For residents of Nakasongola, there is a feeling of déjà vu. The latest fatal stabbings in their grisliness are reminiscent of the spate of six deaths across two days in December 2020.
“I cannot rule out the re-emergence of machete gangs that terrorised our people in 2020,” Mr Sam Kigula, the Nakasongola District chairperson, opined.
Four of the six killings in 2020 were executed by machete-wielding gangs in broad daylight. While this prompted residents in the district to link the deaths, which also included two others at Wabigalo Village in the cover of dusk, to suspected rebel groups, state actors were quick to dismiss the fears.
Describing the latest killings as “unfortunate”, the Nakasongola District Police Commander urged residents to “remain vigilant and try to identify suspicious people in our respective communities that move through our areas.”

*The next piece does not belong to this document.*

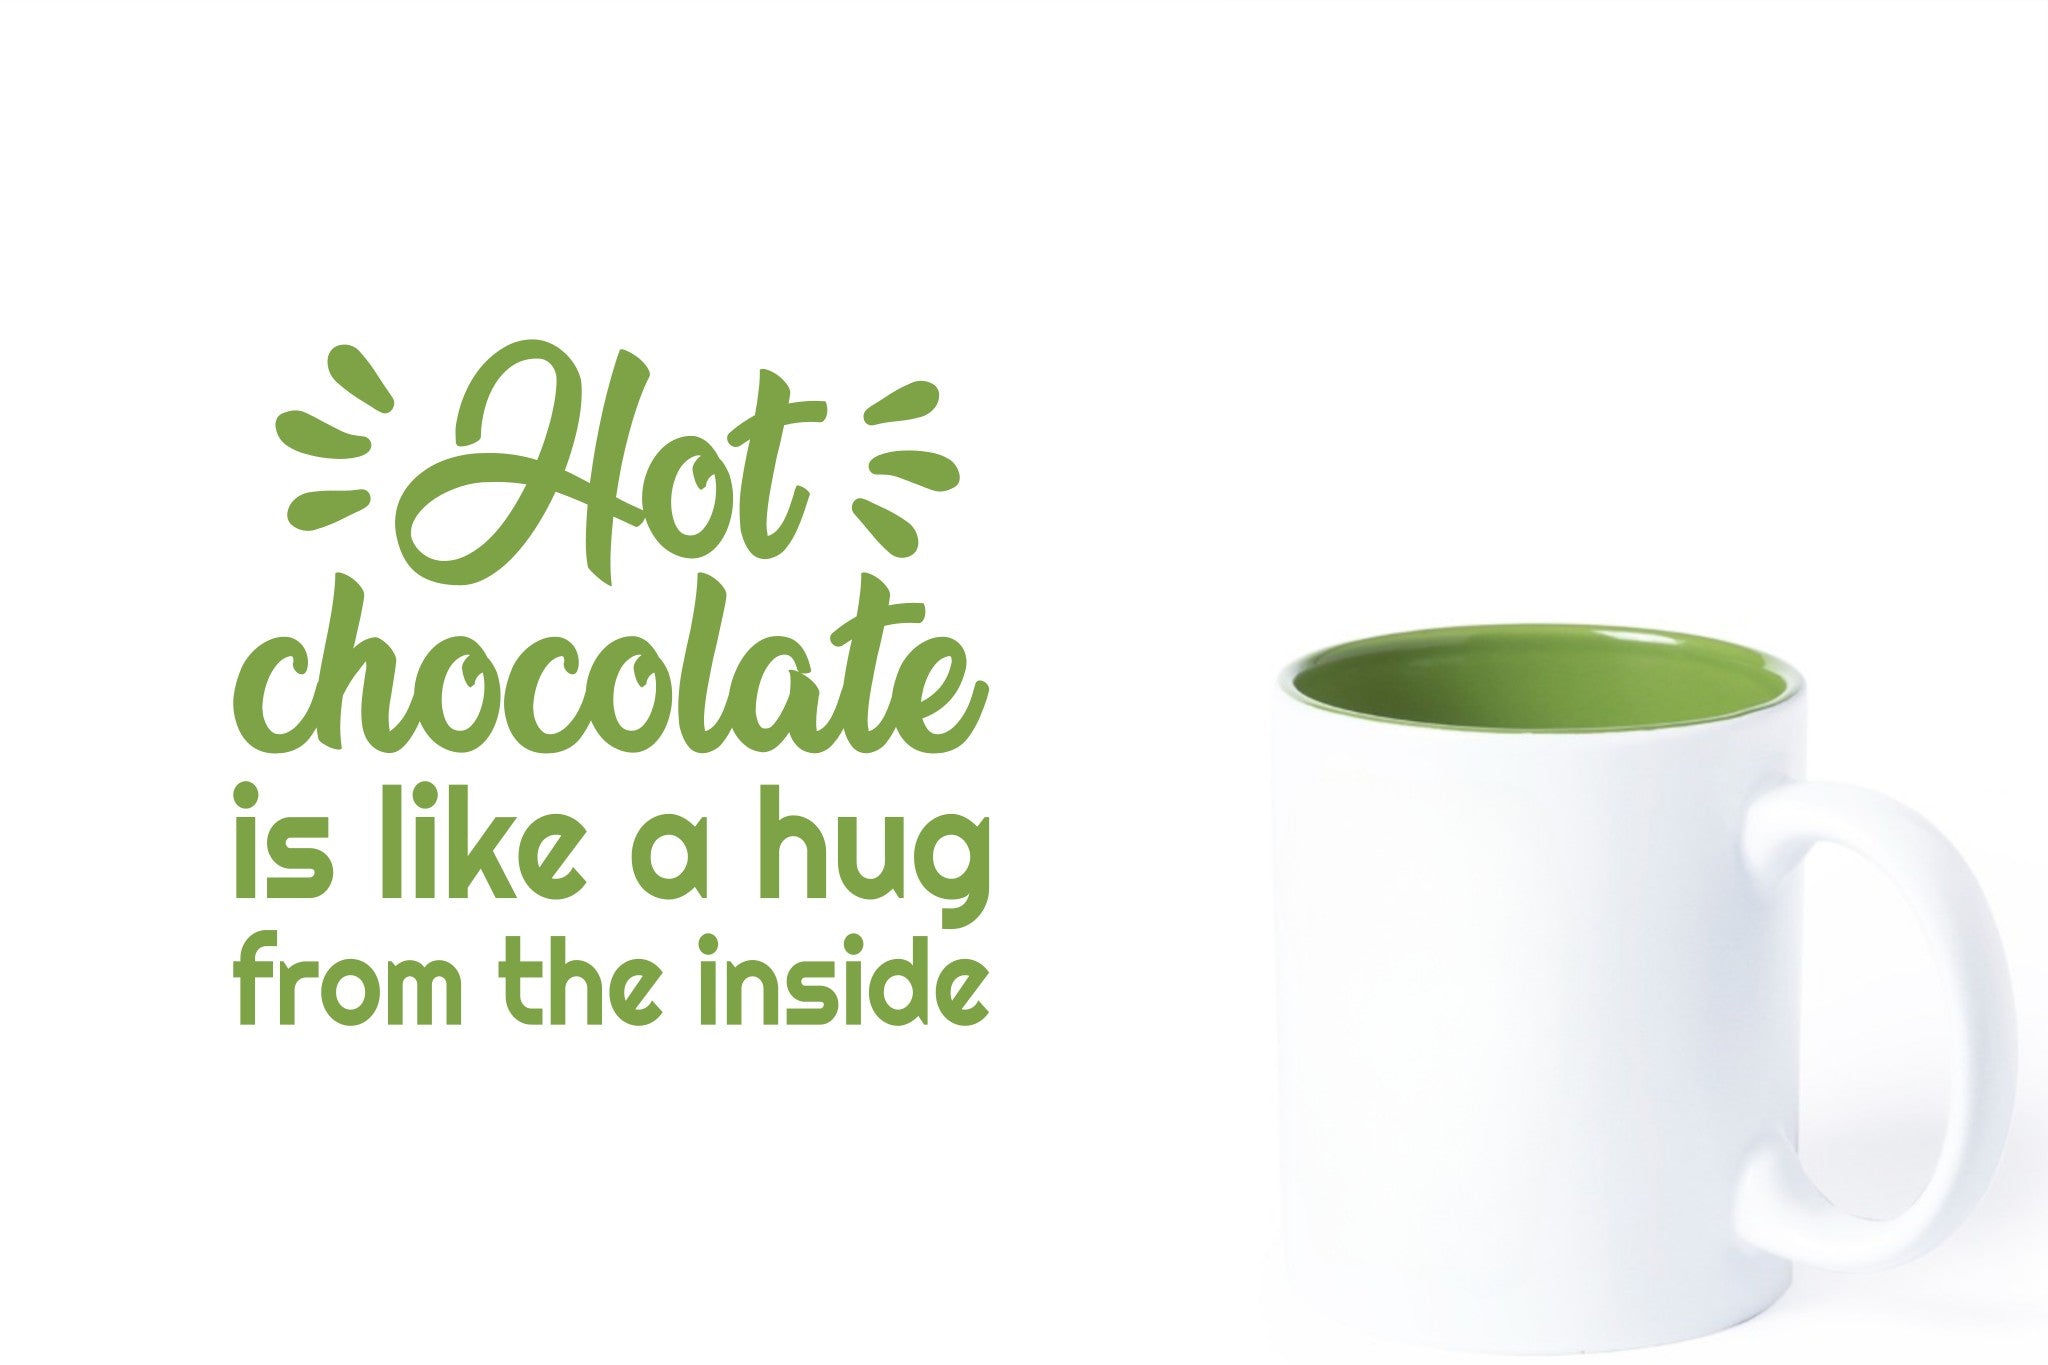 witte keramische mok met groene gravure  'Hot chocolate is like a hug from the inside'.

Mr Kigula concurs, adding that life should be breathed into the sleepy district’s neighbourhood watch programme.
“The security teams cannot work [in] isolation […] we rally residents to avail information that will guide the security,” he told .
The district’s residents are now demanding heightened security, with the addition of more police personnel at the village-based police posts.
Mr Saleh Kamba, the Nakasongola Resident District Commissioner, told Saturday Monitor that it is imperative that residents know that they too can play a telling role.
“I support the neighbourhood watch that enables everybody to be accountable for the security of a neighbour,” he said in an interview.
Mr Rogers Sunday Bwanga, the Nakasongola District Council speaker, said:“The killer gangs have a pattern of operation that almost presents skills in the way the murders are executed. They use machetes and don’t wait for the victims to get to their respective homes. Our security must take keen interest in the new security threat.”
All this has left this sleepy district that was carved out of Luweero in 1997 on a knife-edge.
Nakasongola deaths
Four of the six killings in 2020 were executed by machete-wielding gangs in broad daylight. Residents suspected rebel groups were behind the murders, but State actors refuted the claims and reassured locals of security.